WHAT YOU HAVE TO DO — Retype only the lines below from the one with "south sawyer glacier panorama 2" to the one with "HP EliteBook 840", inclusive, skipping every image.

DATA TO PROCESS —

================

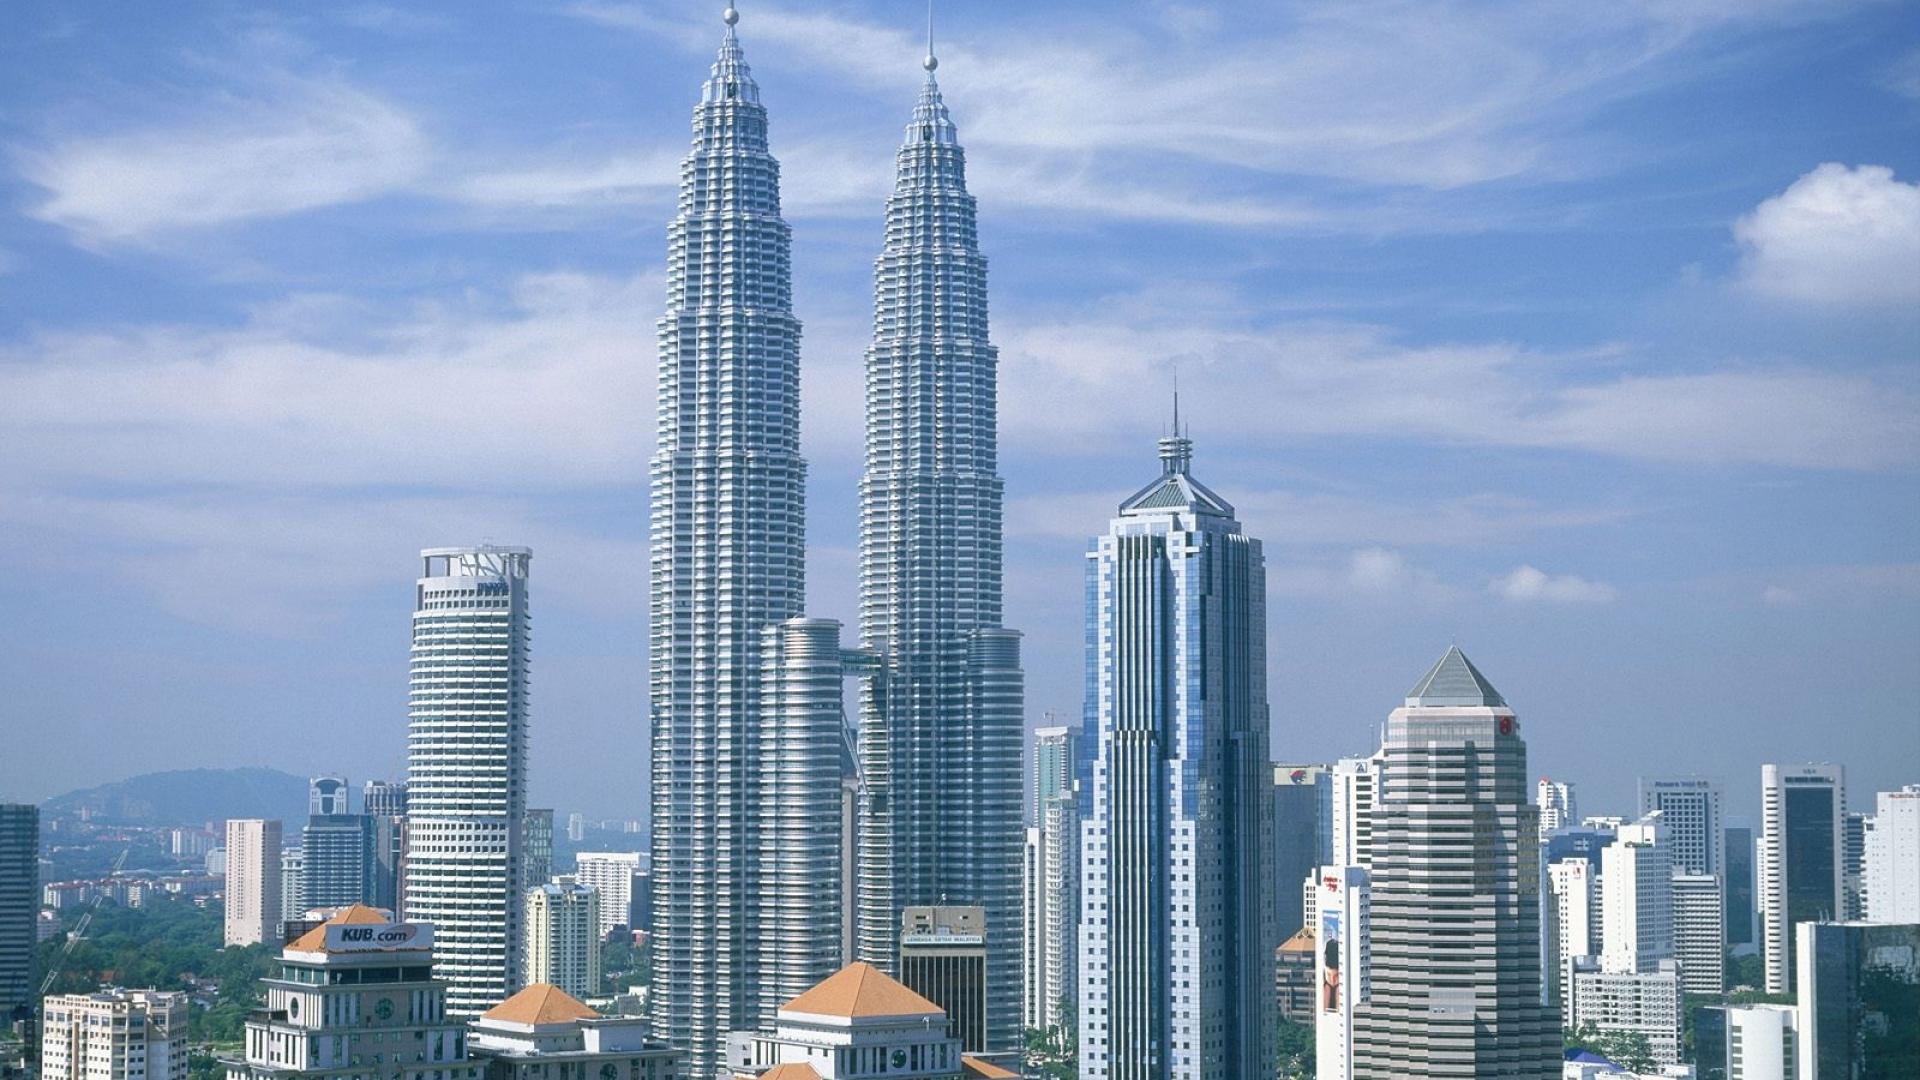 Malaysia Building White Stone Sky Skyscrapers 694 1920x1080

================

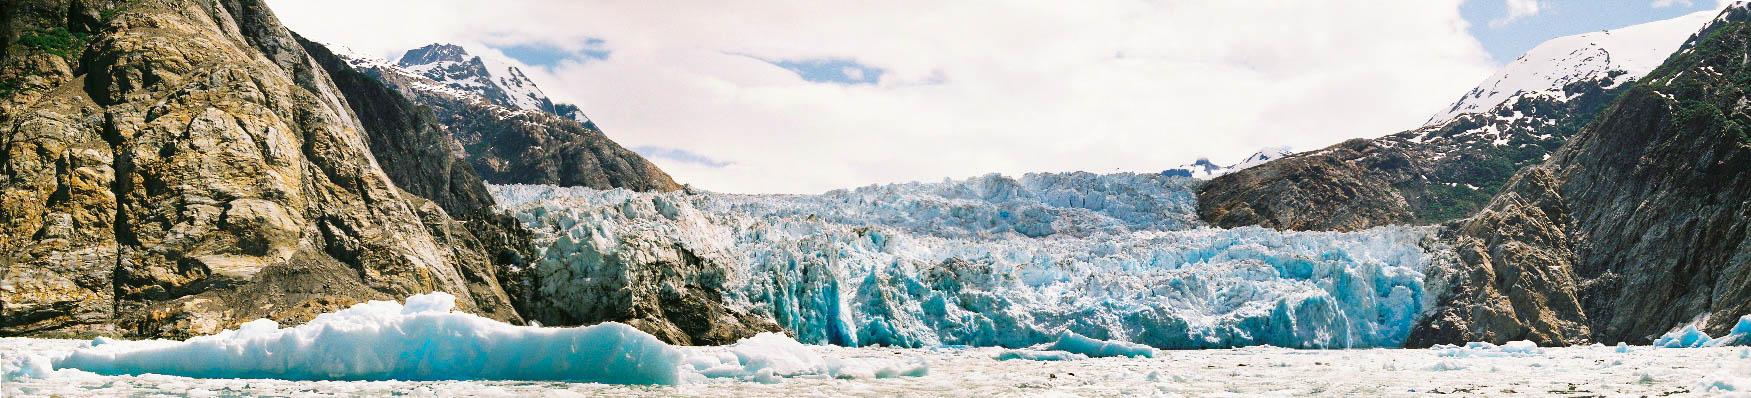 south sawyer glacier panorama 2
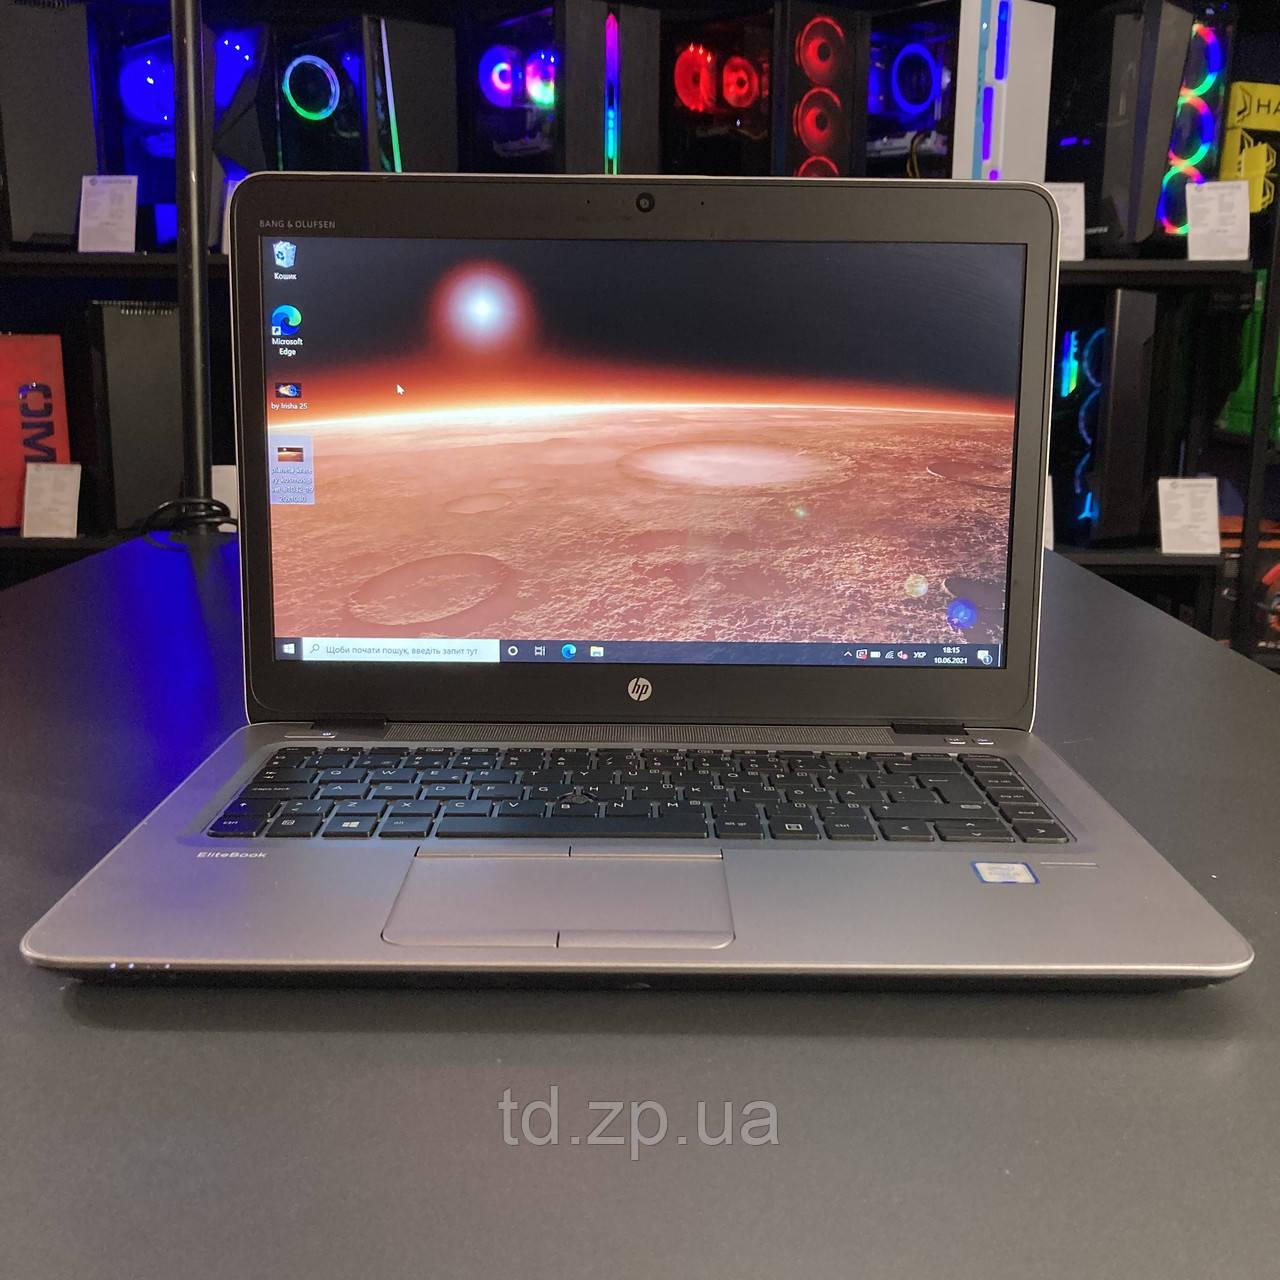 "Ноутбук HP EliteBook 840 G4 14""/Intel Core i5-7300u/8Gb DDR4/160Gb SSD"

================

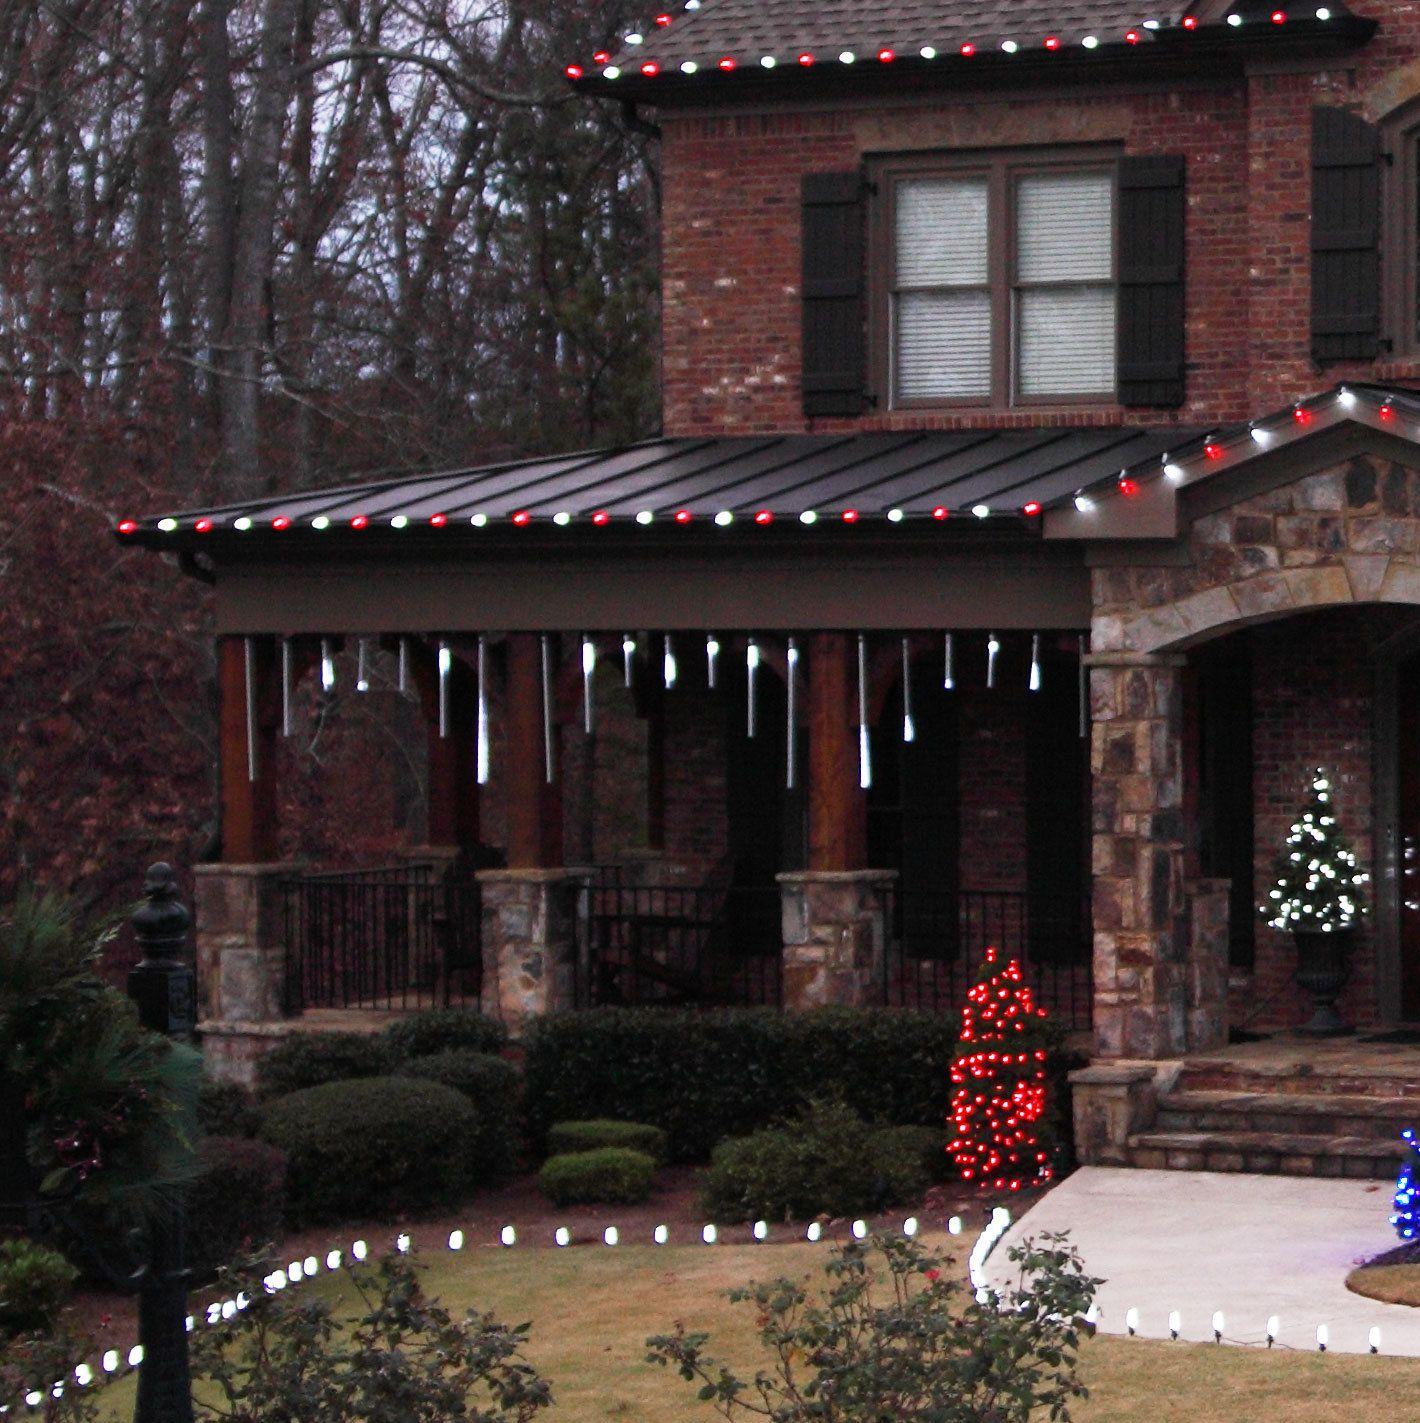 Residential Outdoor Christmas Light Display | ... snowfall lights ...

================

REPLY TO THE EXERCISE —
 south sawyer glacier panorama 2
 "Ноутбук HP EliteBook 840 G4 14""/Intel Core i5-7300u/8Gb DDR4/160Gb SSD"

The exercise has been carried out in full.